■ Supplied data:
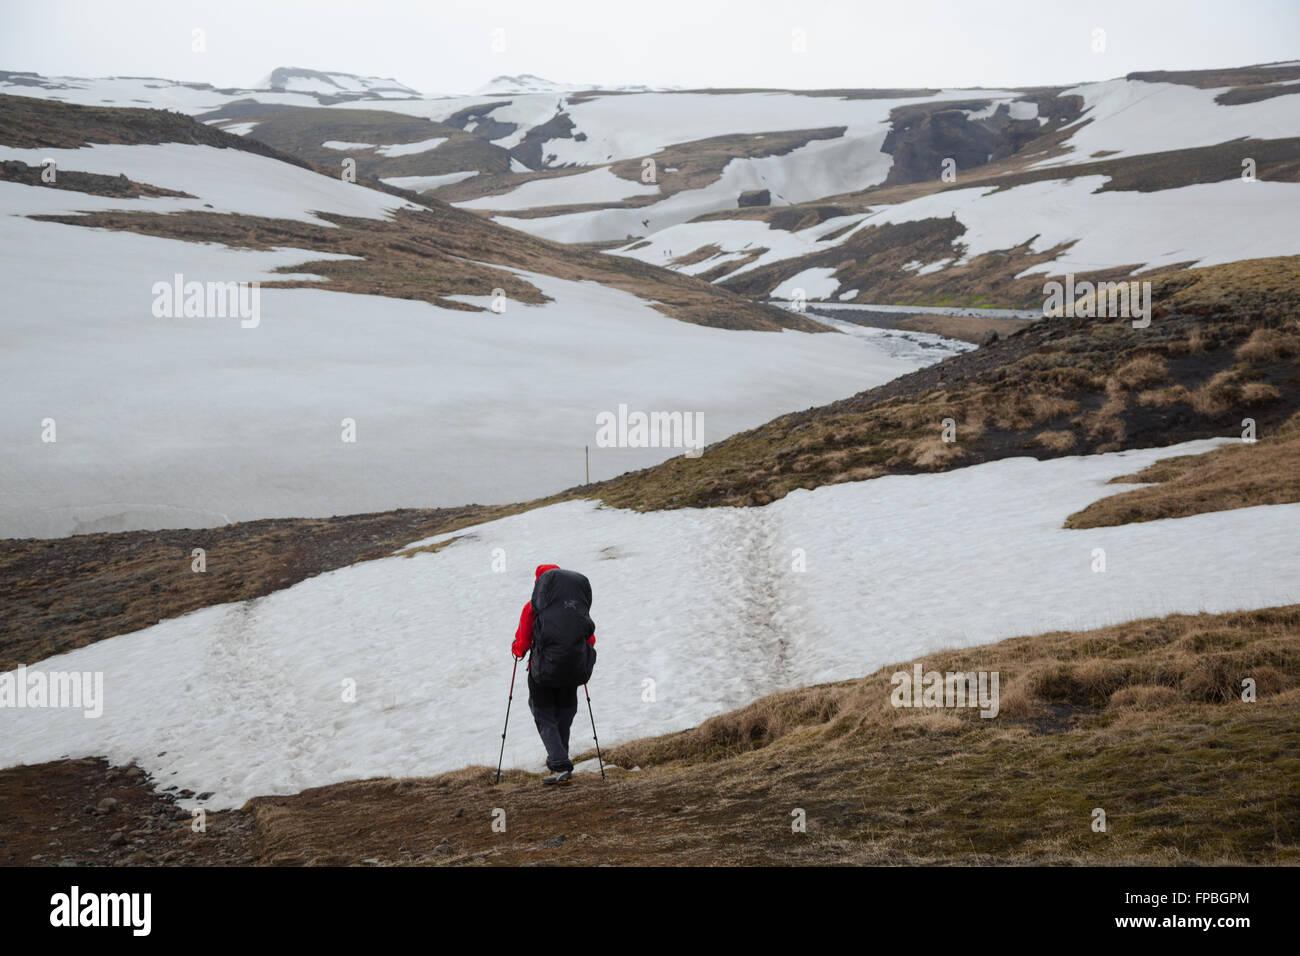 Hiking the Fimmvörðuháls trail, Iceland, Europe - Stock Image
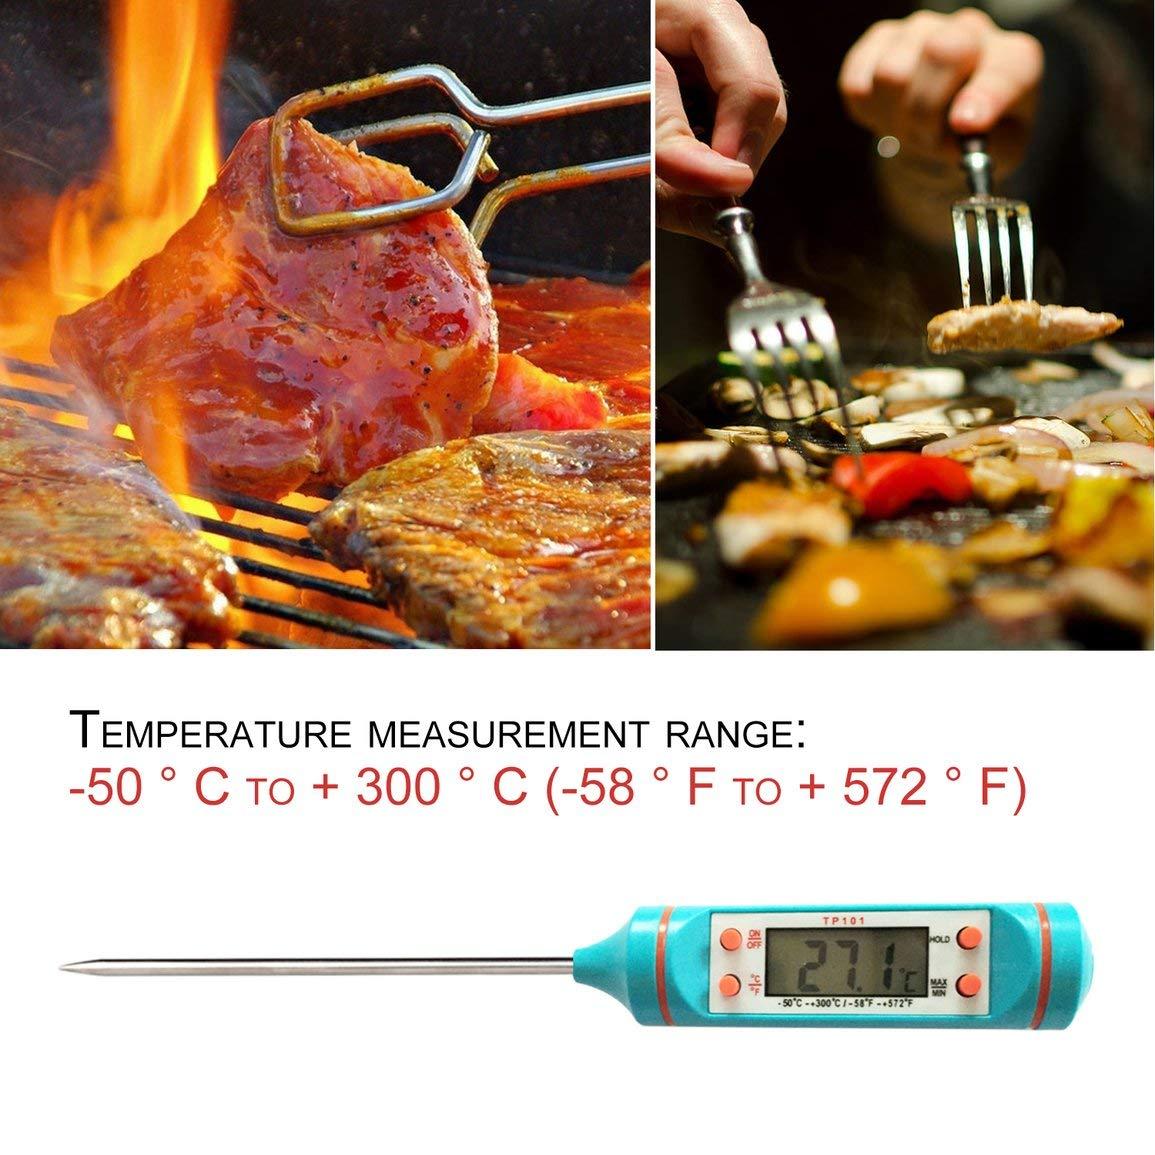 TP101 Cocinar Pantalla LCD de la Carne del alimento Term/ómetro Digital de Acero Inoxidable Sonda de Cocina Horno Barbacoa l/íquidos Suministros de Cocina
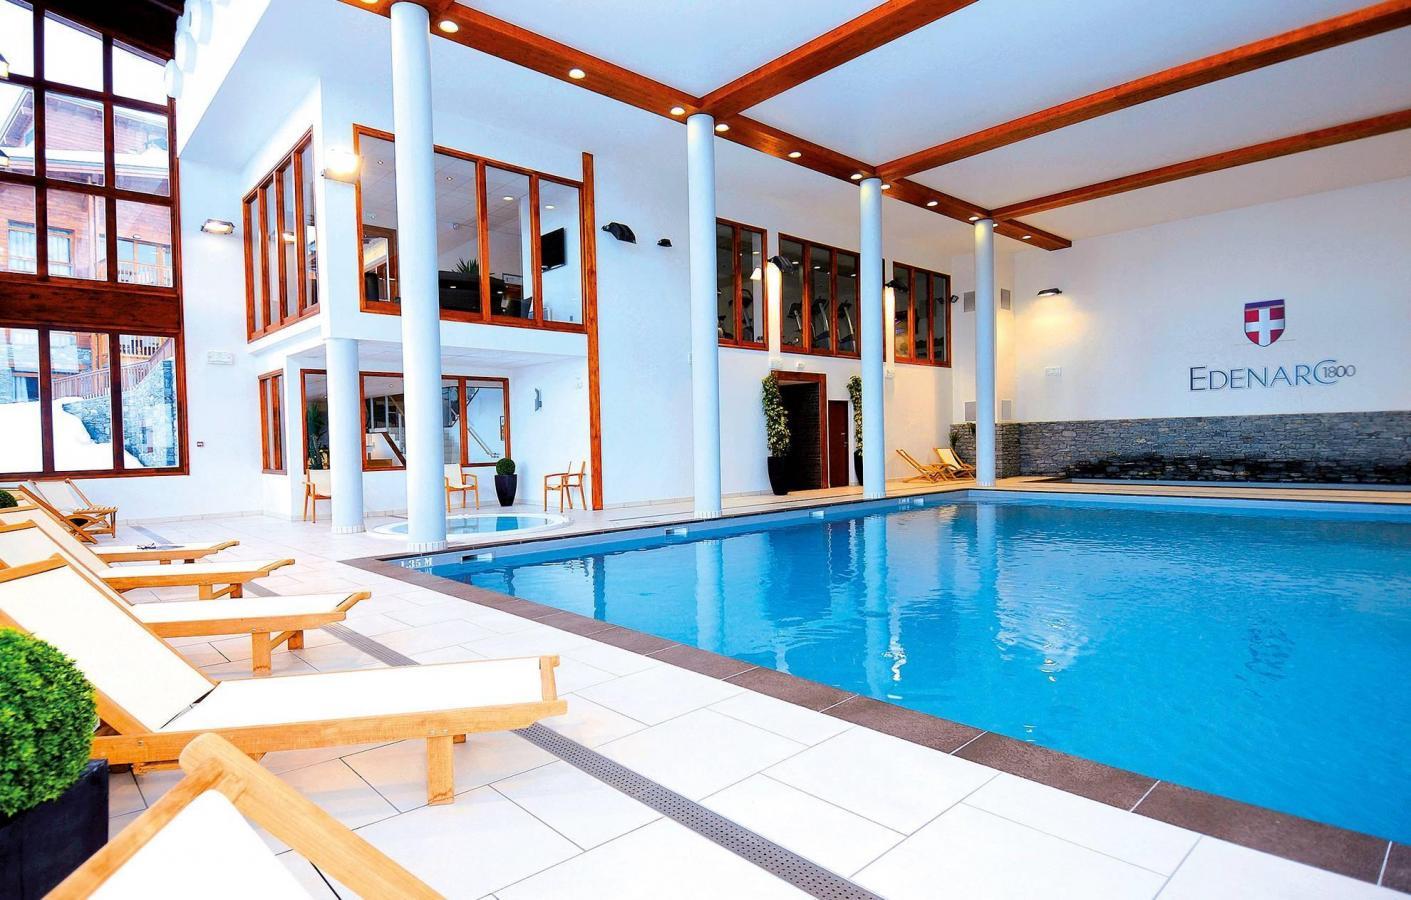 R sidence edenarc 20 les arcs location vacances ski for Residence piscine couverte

■ Task: With the pictures removed, return the listing above in its exact original wording.

■ Response area:
 Hiking the Fimmvörðuháls trail, Iceland, Europe - Stock Image
 TP101 Cocinar Pantalla LCD de la Carne del alimento Term/ómetro Digital de Acero Inoxidable Sonda de Cocina Horno Barbacoa l/íquidos Suministros de Cocina
 R sidence edenarc 20 les arcs location vacances ski for Residence piscine couverte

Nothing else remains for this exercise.